Сойку не спешила принимать протянутый веер, но улыбнулась обворожительно. Тонкая бровь её взлетела вверх. Катаси раскрыл веер и взмахнул им.
Юкия удивлённо ахнула. Едва слышно, но этого хватило, чтобы привлечь внимание. Девушка смотрела на веер с неподдельным изумлением.
Бедняжка: неужели жизнь в глуши сделала её настолько непритязательной, что простой, хоть и мастерски расписанный веер так удивил её?
Сойку рассмеялась и протянула обе руки, чтобы с почтением принять подарок. Да какой это был подарок? Катаси отругал себя за тщеславие: её же вещица, пусть и преображённая его рукой, едва ли могла считаться таковым.
Сойку покрутила веер в руках. Взмахнула им раз и другой, полюбовалась сперва алыми бабочками и цветами, затем пожеланиями благополучия[9], которые Катаси изящным почерком изобразил на обратной стороне полотна.
– Тебе и впрямь удалось меня порадовать, Катаси, – сказала Сойку.
Довольство, пропитавшее звук её голоса, сделало его томным и глубоким. Она посмотрела на племянницу. Ухмылка исказила нежные черты её лица.
– Тебе даже удалось выманить мою дорогую племянницу из своего панциря, жаль, что ненадолго. Не будем к ней слишком строги: то, что она спустилась сегодня в сад, уже замечательно!
Девушка смутилась и вновь опустила взгляд. Подвески её заколок звякнули жалобно. Катаси вновь почудилось, что нежность в голосе Сойку была поддельной, наигранной, искусственной… Неужели она недовольна тем, что ей навязали родственницу-сироту? Может быть, она завидует юности и красоте воспитанницы? В любом случае Катаси понимал: лишнее внимание хозяйки Юкии не в радость. Он попытался отвлечь Сойку. Благо у него был отличный повод.
– Я принёс несколько эскизов для ширмы, – сказал он.
Стопка рисовой бумаги оказалась в руках Сойку. Она перебирала рисунки, и по её лицу нельзя было понять, нравится ли ей хоть что-нибудь. Женщина больше не хмурилась, как когда смотрела рисунки с утками-мандаринками, но и не улыбалась, как когда смотрела на расписанный веер. Катаси и сам понимал, что не предложил ей ничего особенного. Художник заметил и то, что Юкия больше не смотрит на чашку в своих руках. Она наблюдала за шуршащими эскизами. Заметила это и Сойку.
– Юкия! Скажи-ка ты, какой тебе из рисунков приглянулся, – сказала хозяйка, протягивая ей пачку просмотренных рисунков. – В конце концов, это в твою комнату мы поставим ширму!
Девушка с недоумением и опаской приняла эскизы из рук тёти. Она принялась перебирать их с куда большим вниманием, чем делала до этого Сойку. Хозяйка же закурила. Весь её вид выражал одно: ей совершенно всё равно, что выберет Юкия. Катаси же медленно осознавал тот факт, что ширма, которую он должен был украсить, предназначалась для девушки.

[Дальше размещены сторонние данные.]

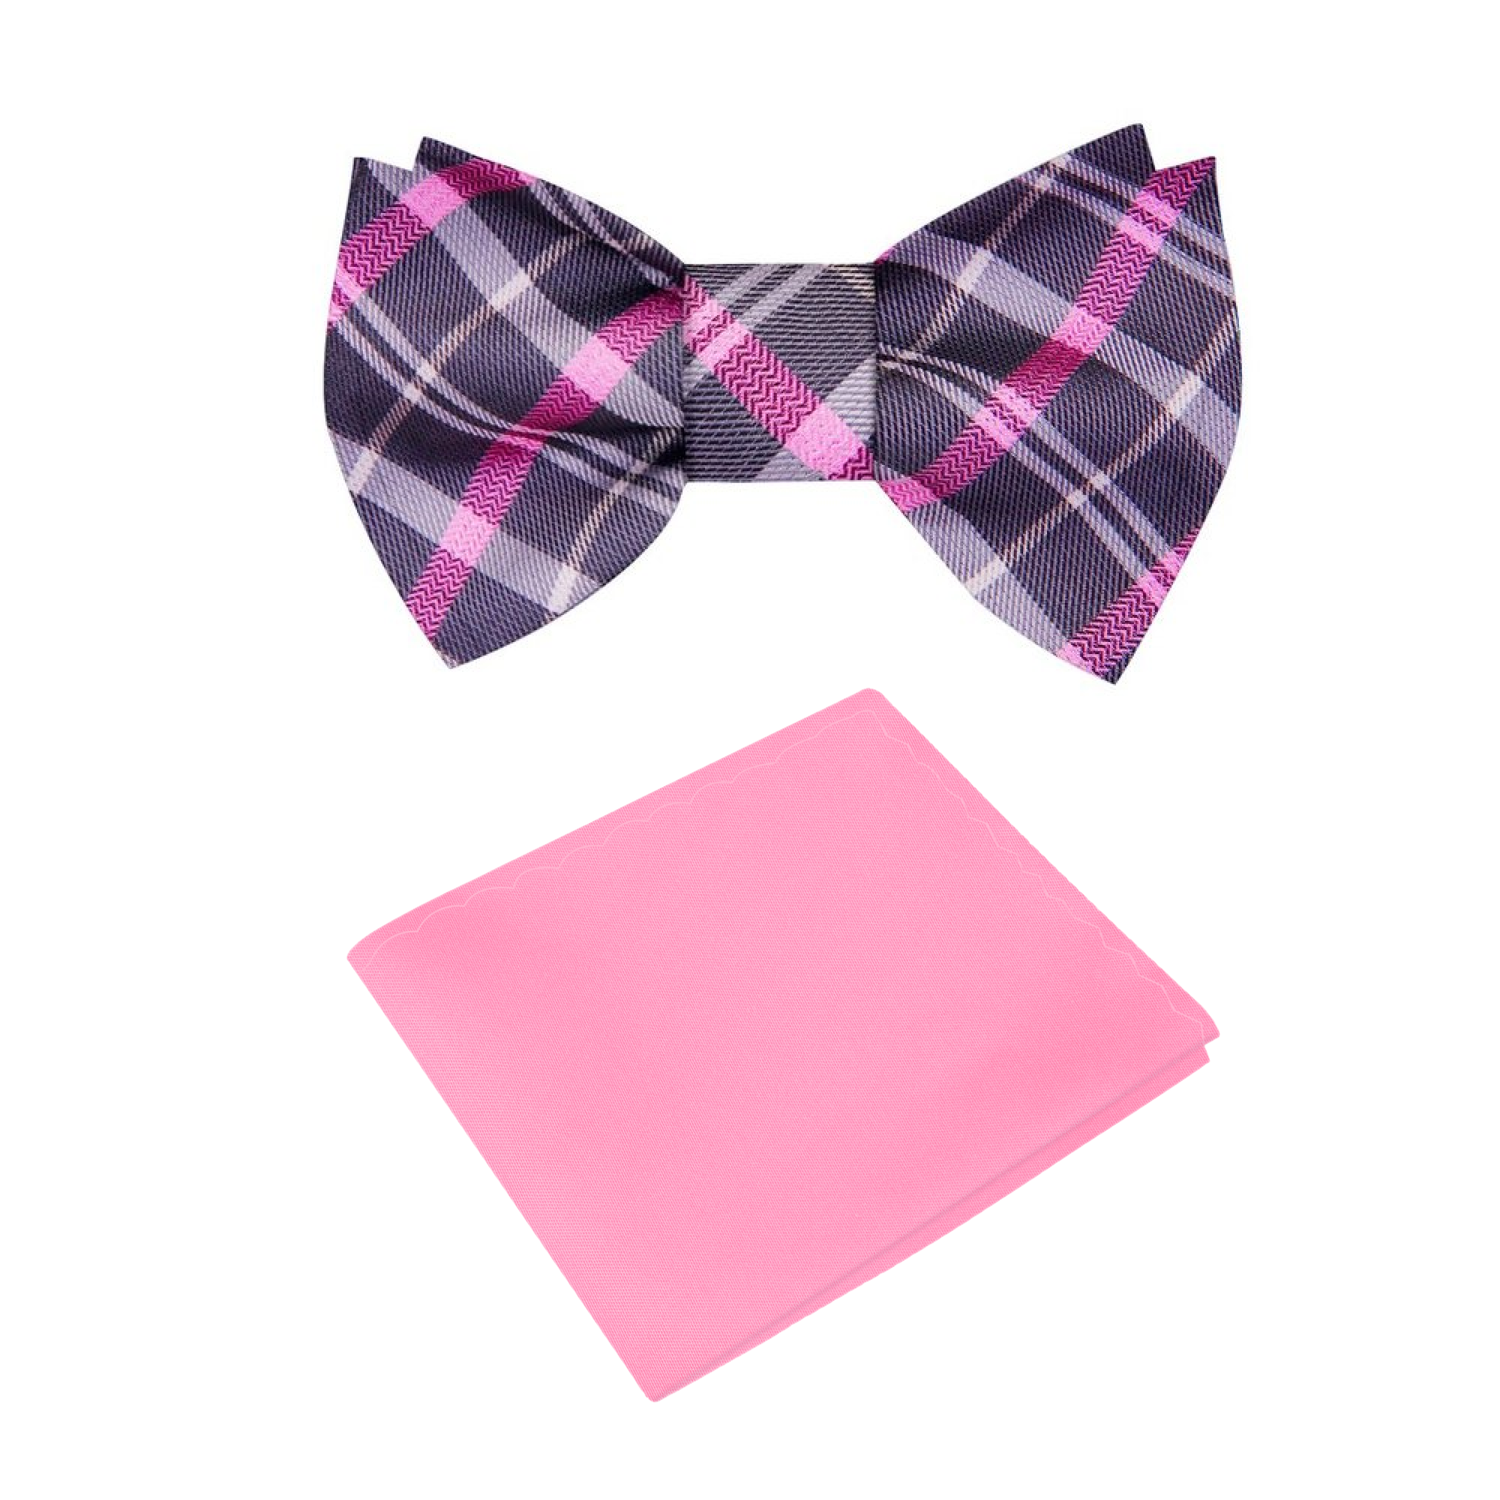 Refined Plaid Bow Tie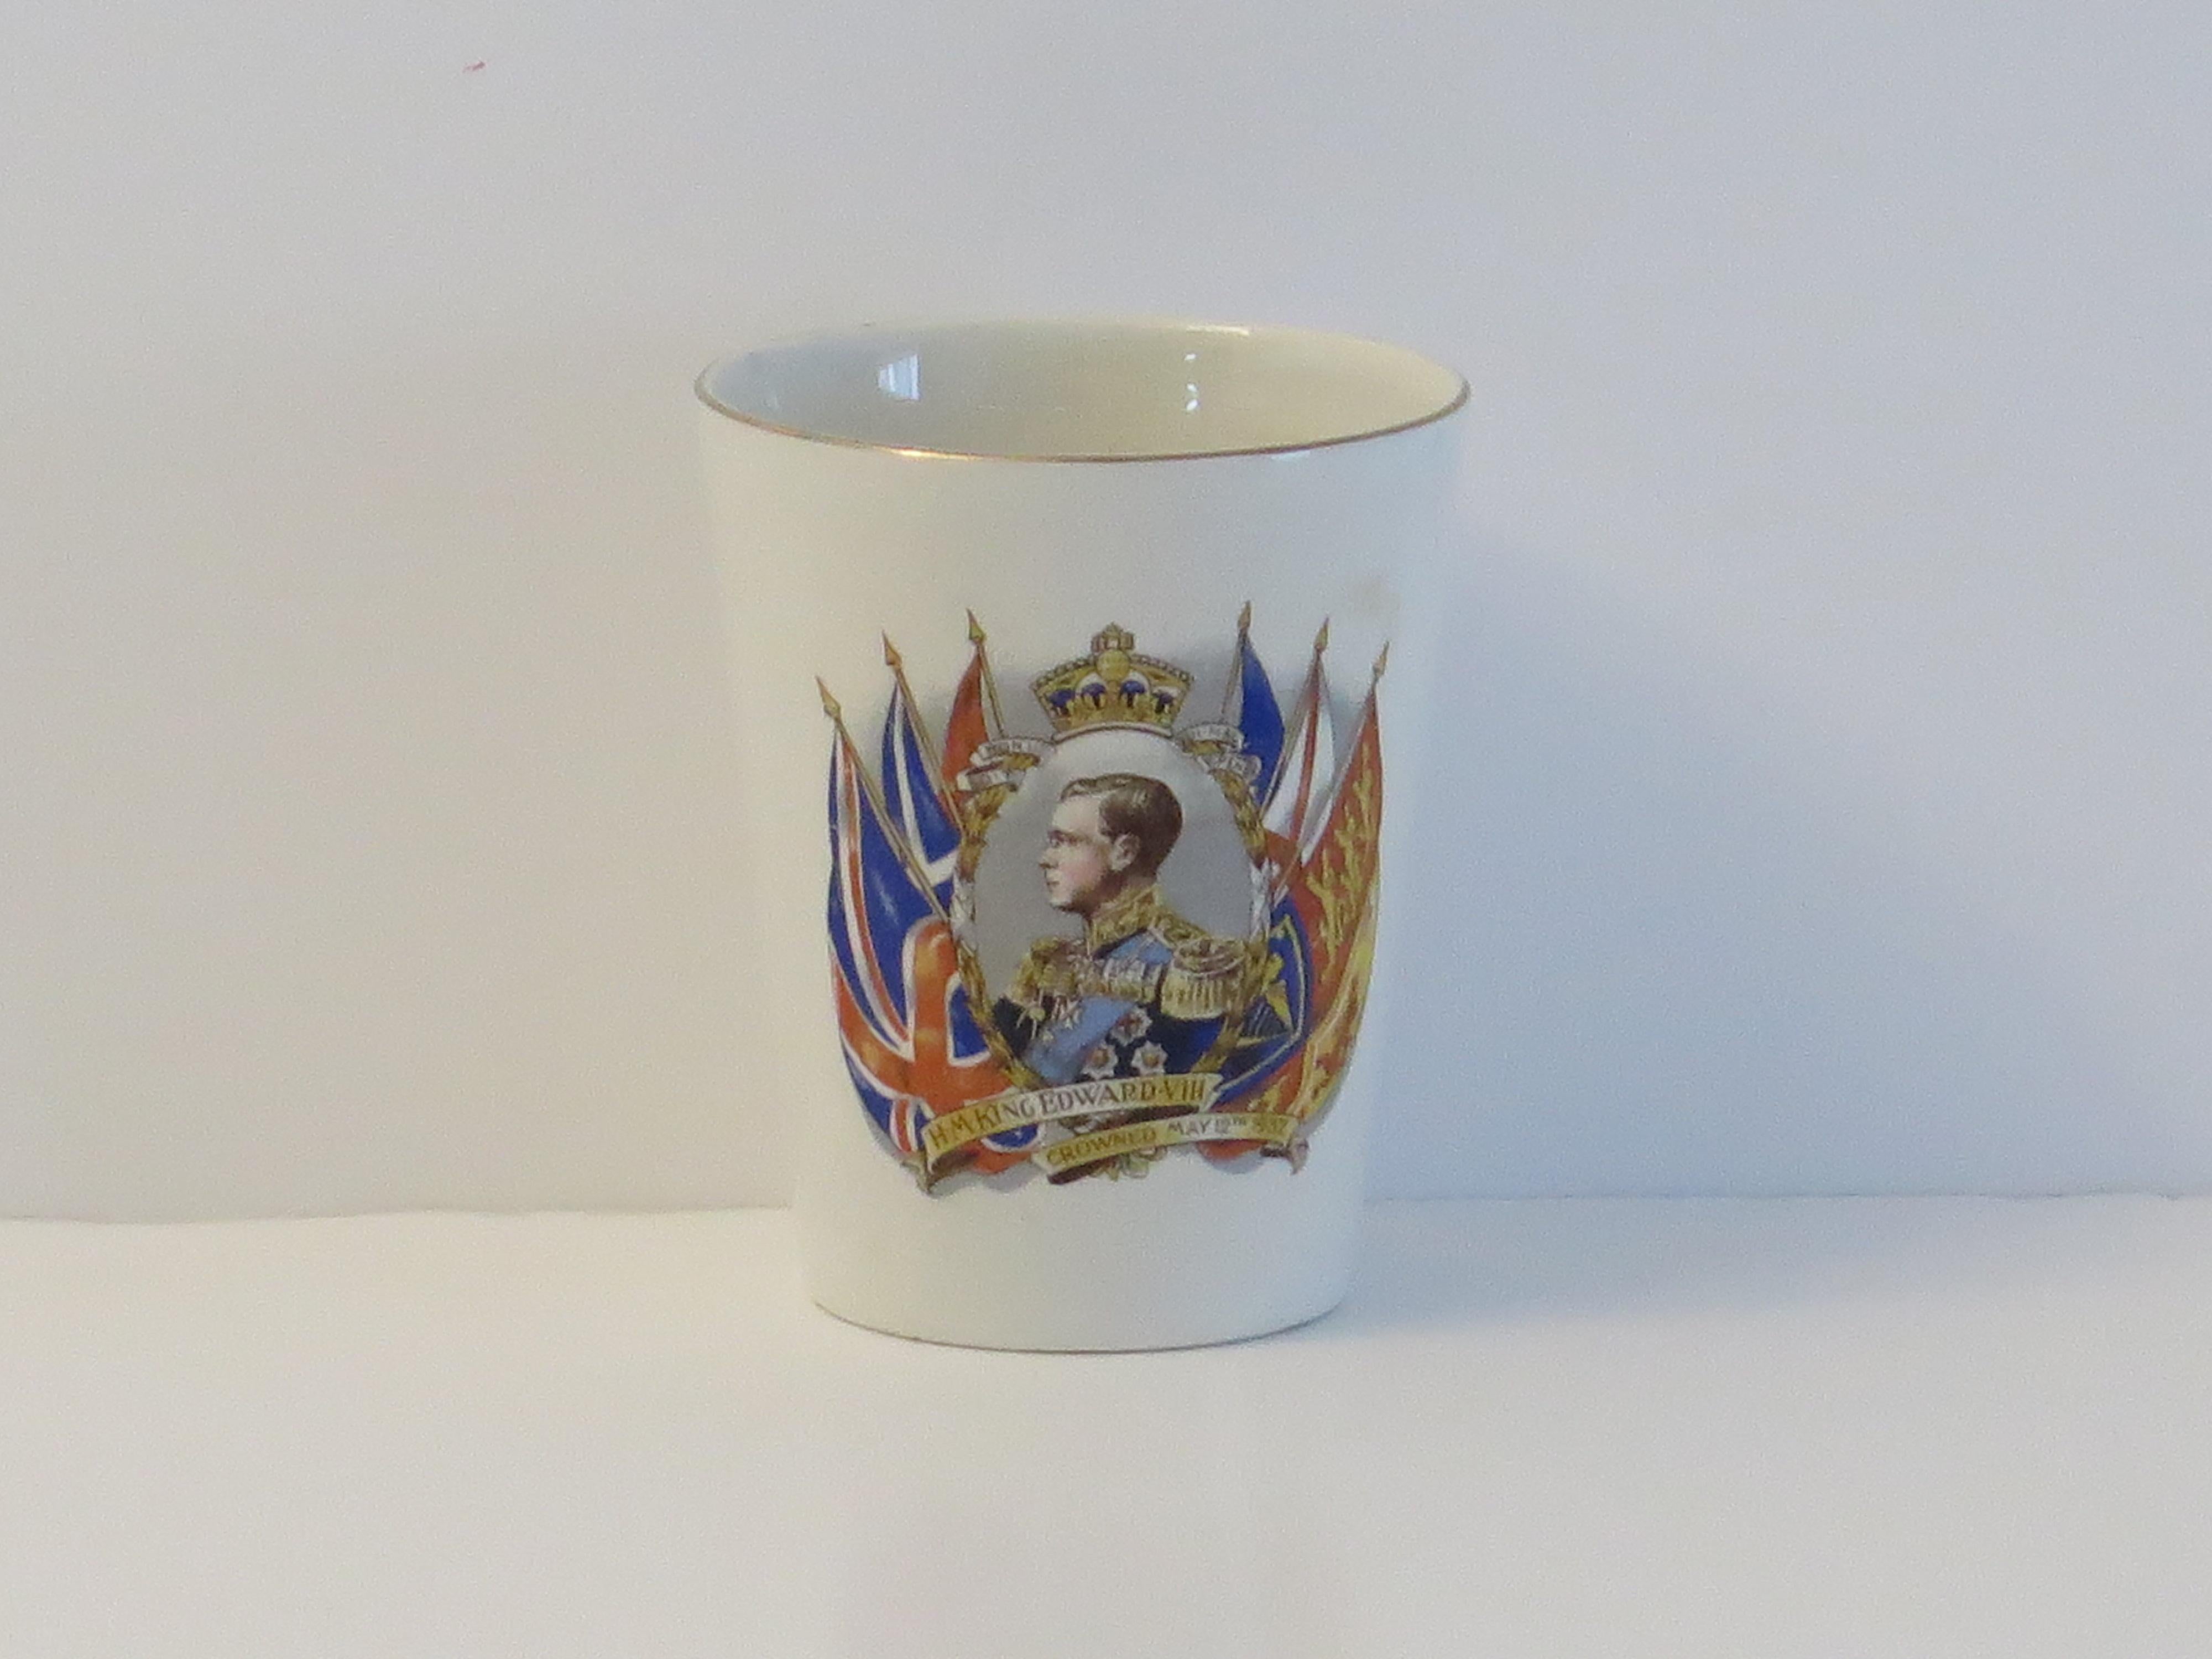 King Edward V111  Royal Commemorative Pottery Beaker, May 12th 1937 In Good Condition For Sale In Lincoln, Lincolnshire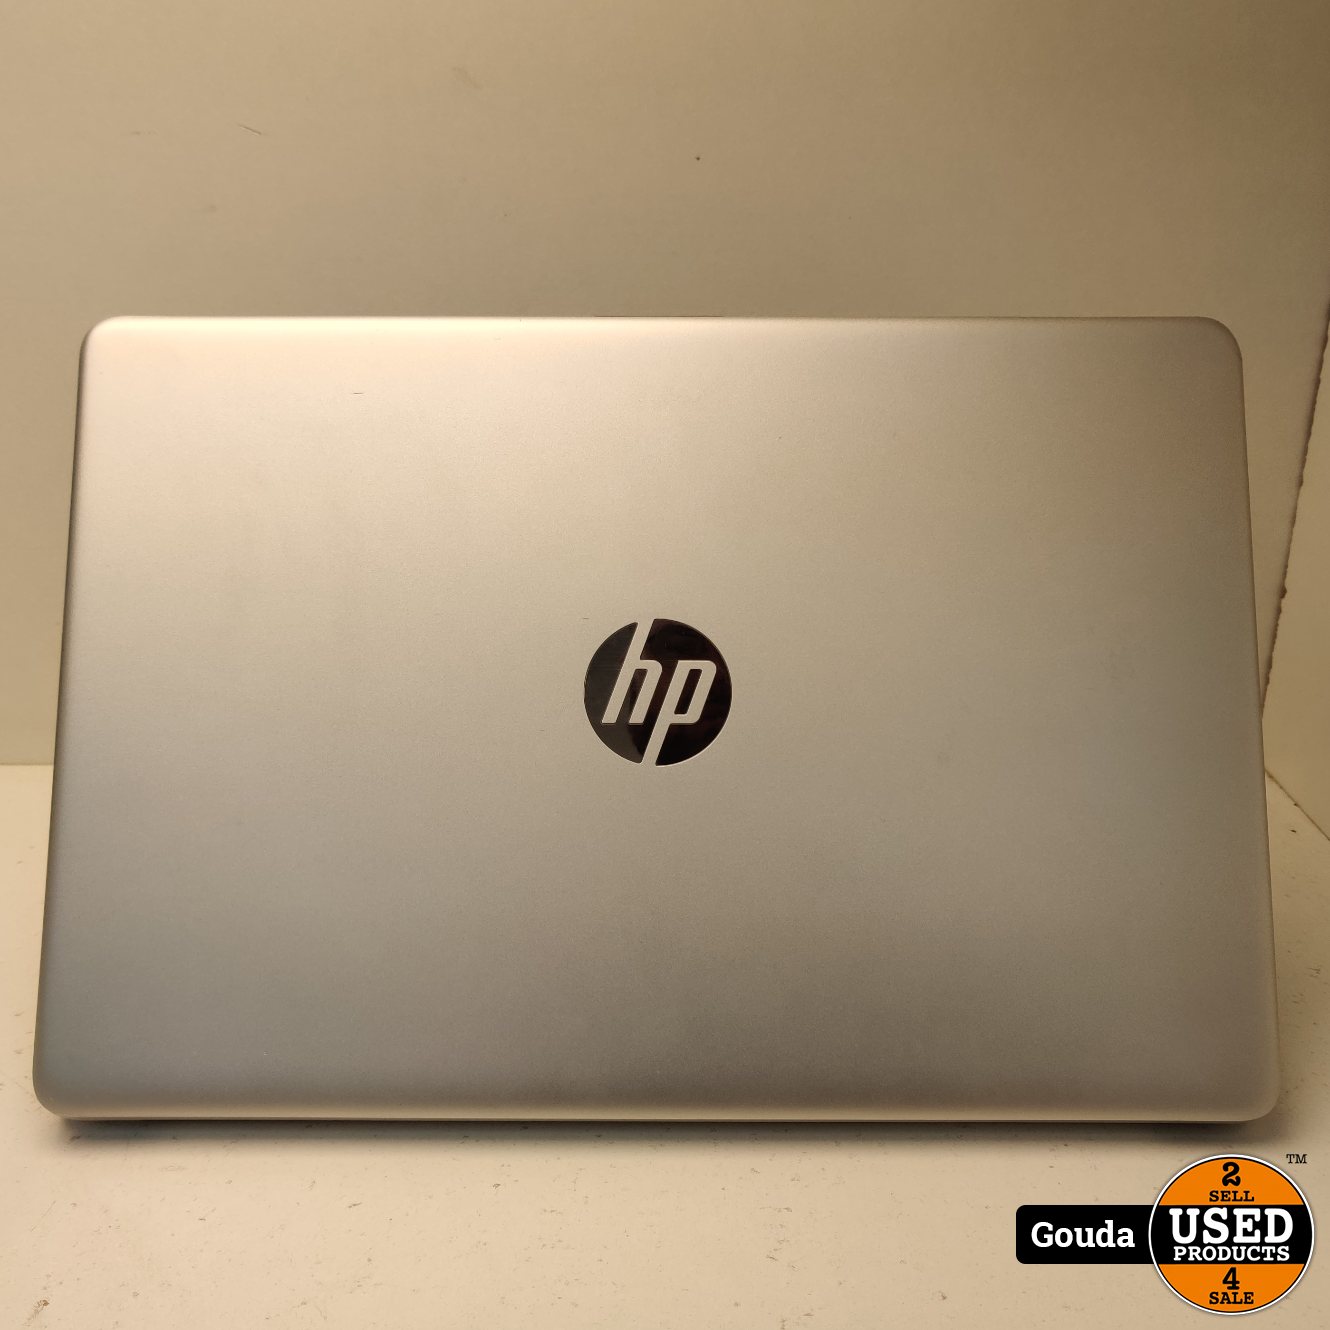 HP 15s-eq1721nd laptop - Used

Юкия остановилась. Один из набросков привлёк её внимание, и она долго всматривалась в него. Настолько долго, что Сойку воскликнула:
– Да что же ты там так долго разглядываешь?
Совершенно бесцеремонно женщина выхватила рисунок из рук воспитанницы. Катаси не понял, как у неё это получилось: движение её было очень быстрым и смазанным, да и к тому же Юкия сидела, казалось, слишком далеко. Может, он погрузился в свои мысли настолько глубоко, что стал рассеянным?
– Три друга зимы[10], символизируют стойкость, – произнесла Сойку. – Чем же они лучше прочих?
Катаси понял, что речь идёт об эскизе, который сам бы он никогда не выбрал. Бамбук, сосна и цветущая слива – сюжет, который так любил рисовать его отец, а сам Катаси мог изобразить растения с закрытыми глазами. Хороший символ, но в одном Сойку была права: он ничем не был лучше прочих. Он был обыкновенным.
– В этом рисунке много жизни, – произнесла Юкия тихо, но уверенно.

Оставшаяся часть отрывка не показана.